Ambrose Hundley Sevier (November 4, 1801 – December 31, 1848) was an attorney, politician and planter from Arkansas. A member of the political Family that dominated the state and national delegations in the antebellum years, he was elected by the legislature as a Democratic US Senator.

Early life and education
Ambrose Hundley Sevier was born near Greeneville, Tennessee in Greene County, Tennessee. Sevier moved to Missouri in 1820 and to Little Rock, Arkansas in 1821. In Arkansas he became clerk of the Territorial House of Representatives. He studied law and was admitted to the bar in 1823.

Marriage and family
Sevier married Juliette Johnson, the sister of Robert Ward Johnson, who also became an influential politician in the state. Their father Benjamin Johnson had gone to Arkansas as the first territorial judge; in 1836 he was appointed as the first federal district judge when the territory became a state. Ambrose and Juliette had several children.

Political career
Sevier was elected to the Territorial House of Representatives and served from 1823 to 1827; he was elected as Speaker of that body in 1827.

He was elected as a Jacksonian Delegate to the 20th US Congress to fill the vacancy caused by the death of Henry Wharton Conway, killed as a result of a duel with a former friend. Sevier was reelected and served as delegate in three successive congresses from 1828 to 1836, when Arkansas was admitted to the Union. Sevier is known as the "Father of Arkansas Statehood".
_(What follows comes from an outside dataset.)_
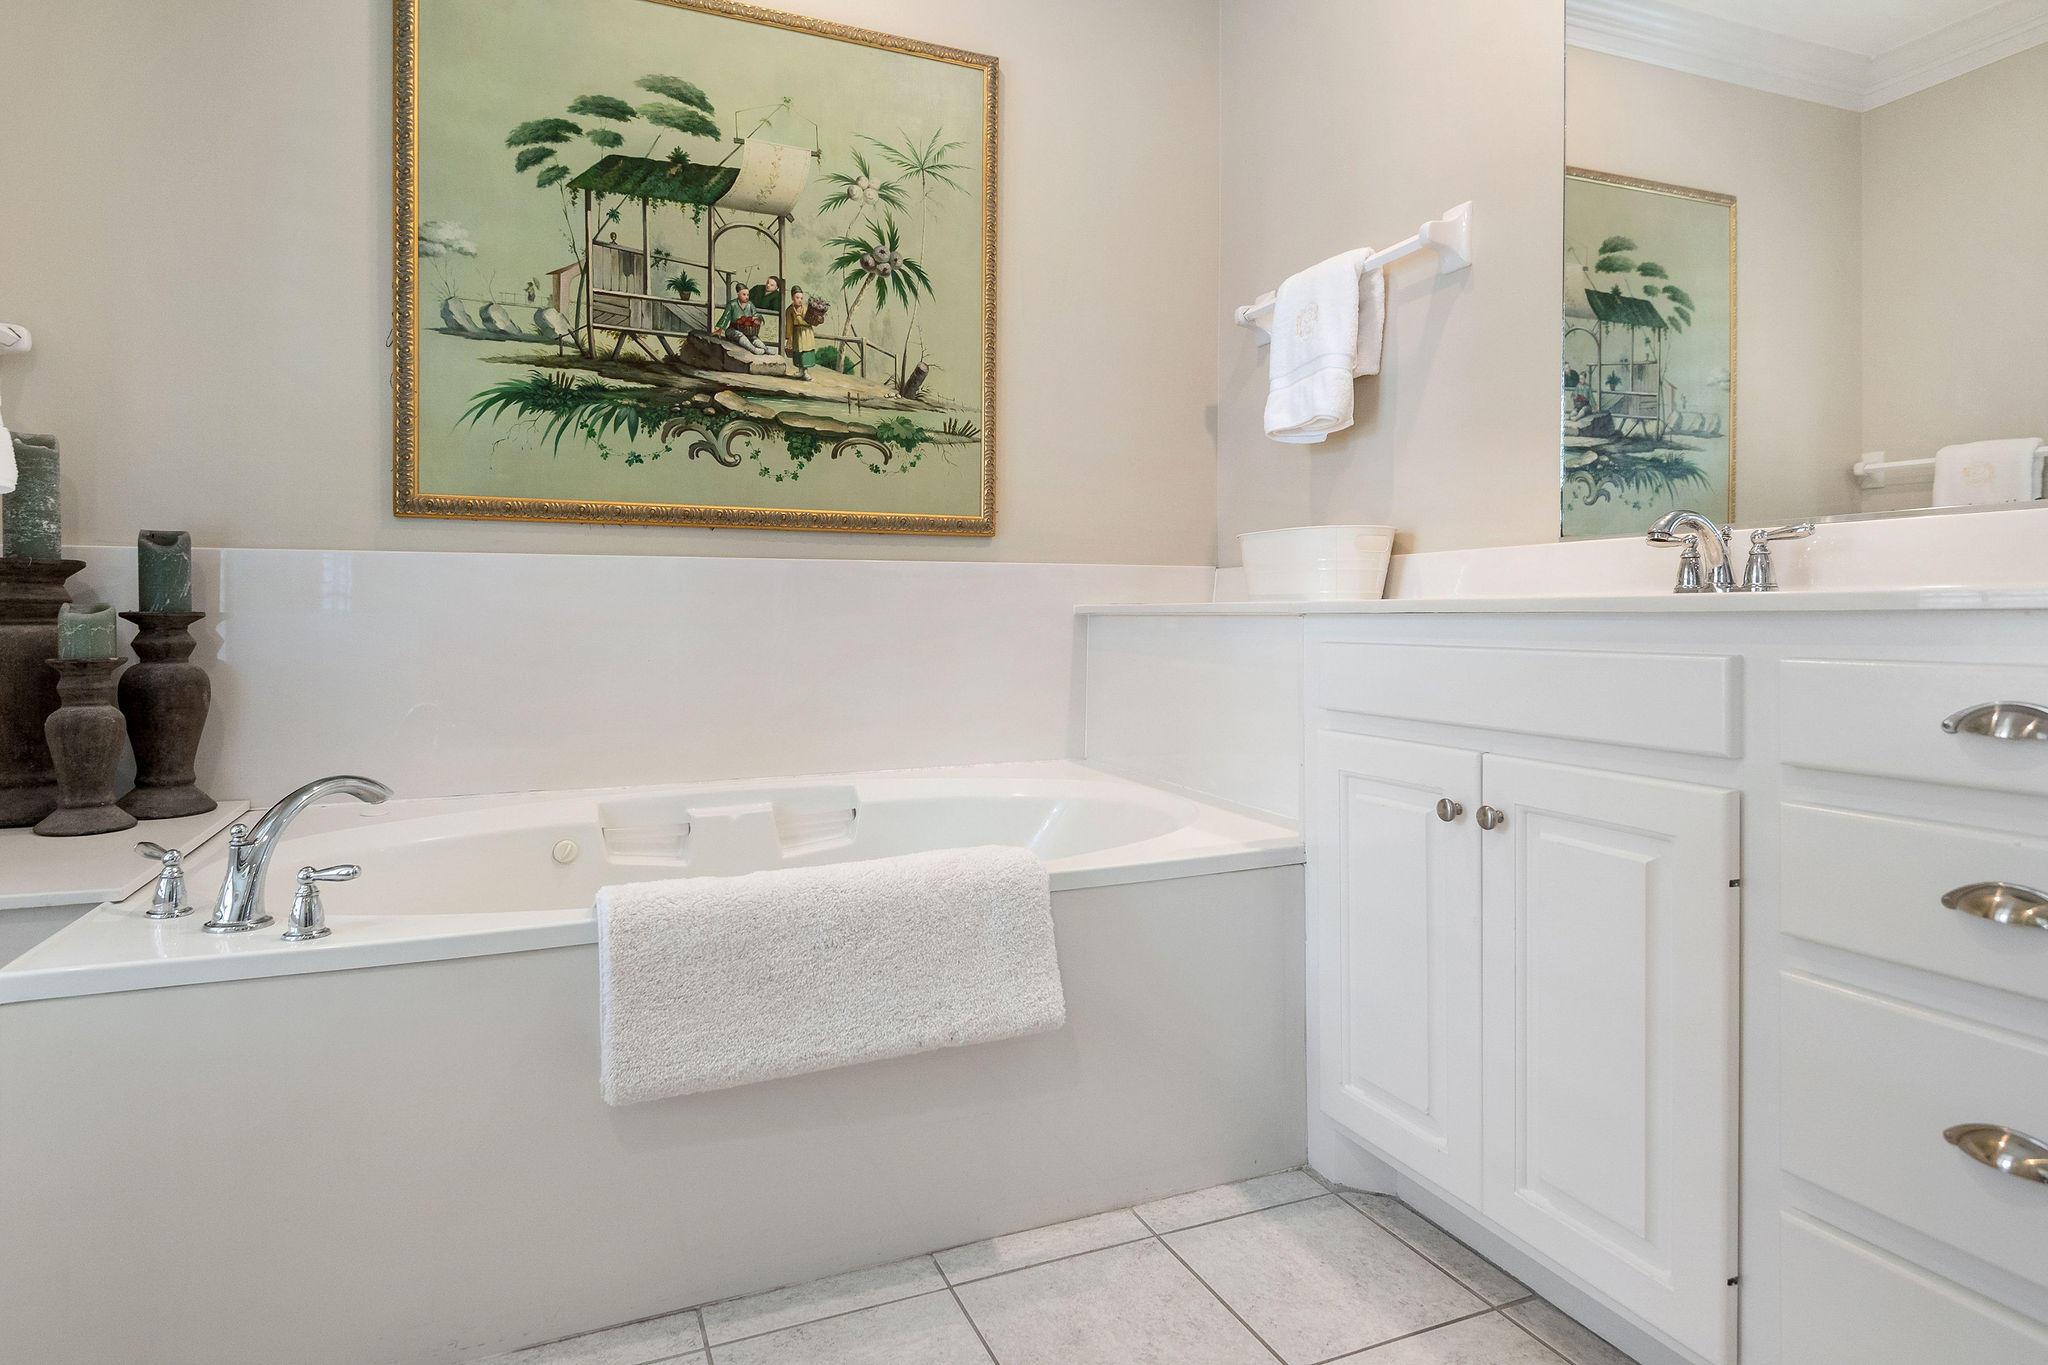 Country Club II Homes For Sale - 1482 Burningtree, Charleston, SC - 34

In 1836 Sevier was elected as the first member of the United States Senate from Arkansas. He was reelected in 1837 and 1843. He resigned from office in 1848. During the 29th Congress, he was allowed to hold the seat of President pro tem of the Senate for a day, though he was not elected to that post. During his tenure, he served as chairman of the Committee on Indian Affairs and was a member of the Committee on Foreign Relations.
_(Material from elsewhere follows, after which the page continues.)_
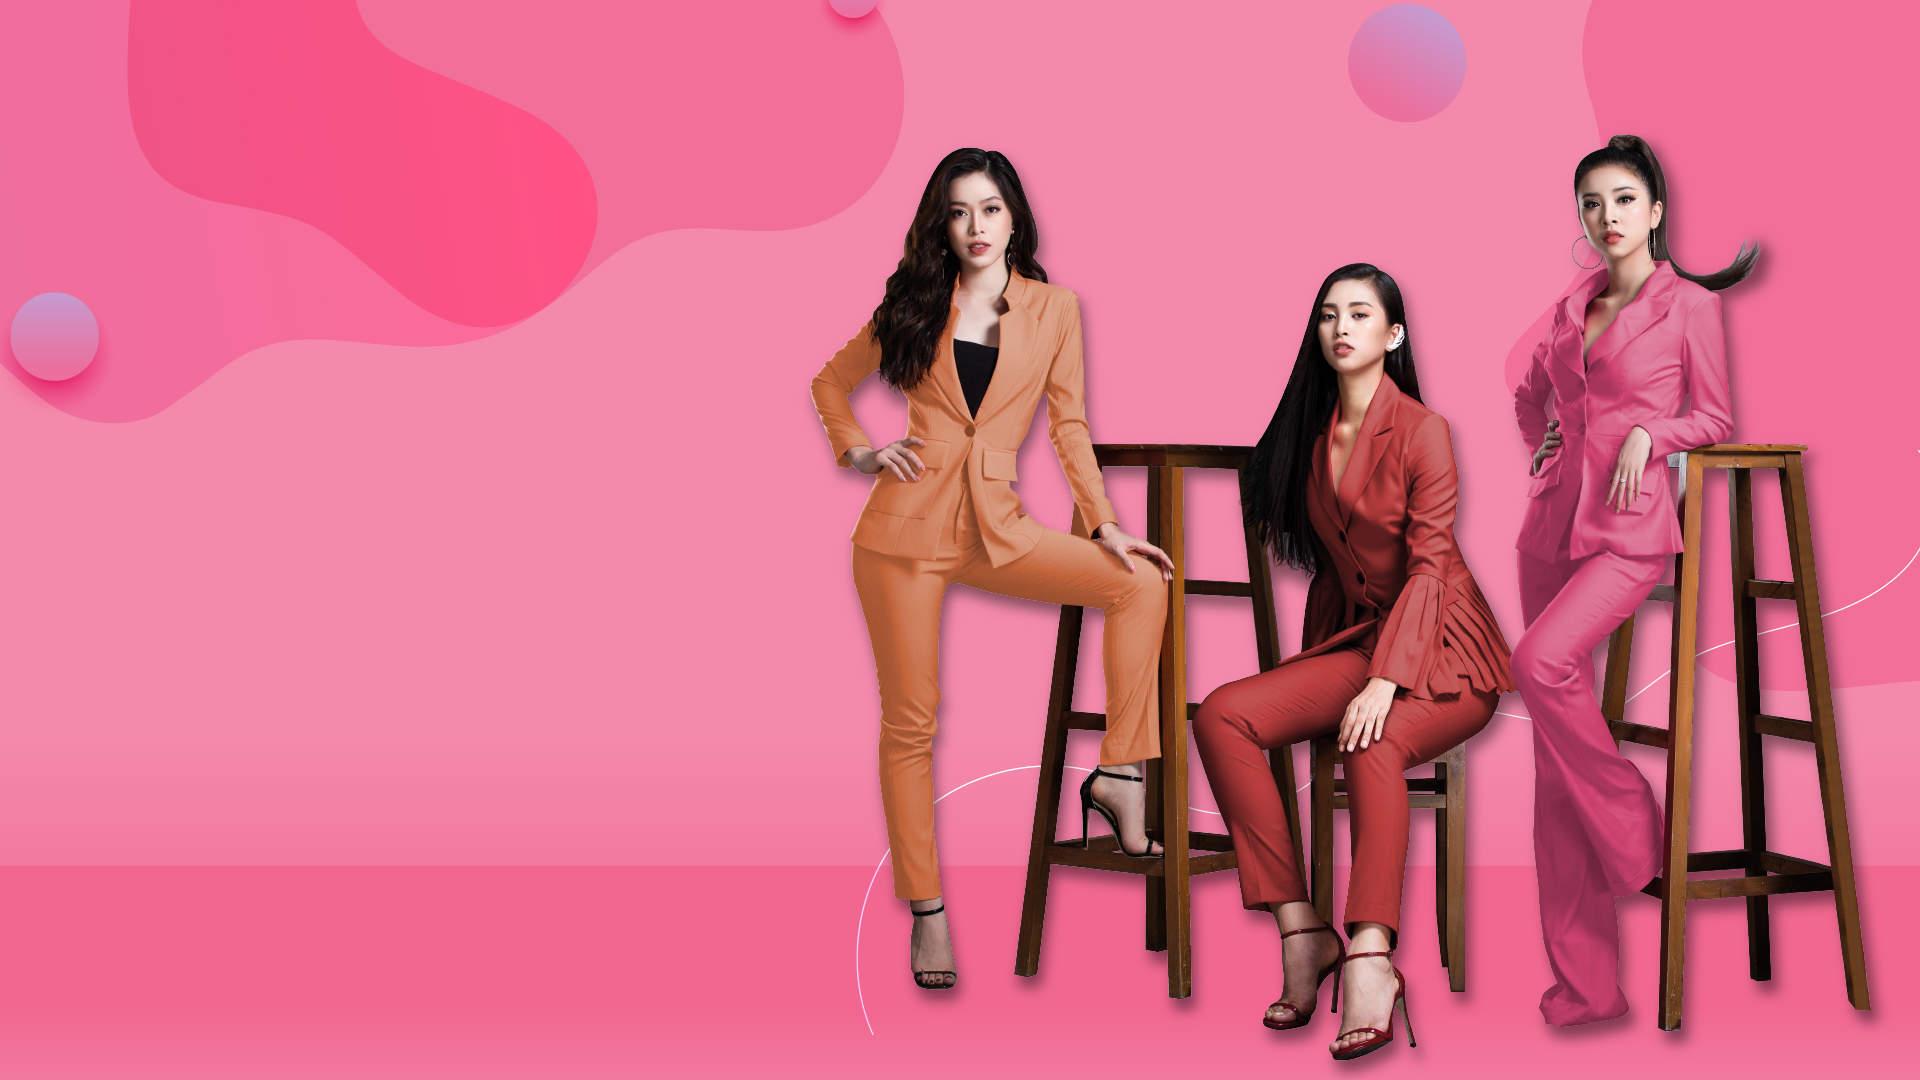 Talkshow Series - Hoa Hậu Việt Nam 2020

In 1848 Sevier and Nathan Clifford, the Attorney General of the United States, were appointed ambassadors to Mexico by President James K. Polk to negotiate the Treaty of Guadalupe Hidalgo at the end of the Mexican–American War.

After completing this project, Ambrose Hundley Sevier died the last day of that year on his plantation in Pulaski County, Arkansas. He was buried in the historic Mount Holly Cemetery. The State of Arkansas erected a monument in the cemetery in his honor.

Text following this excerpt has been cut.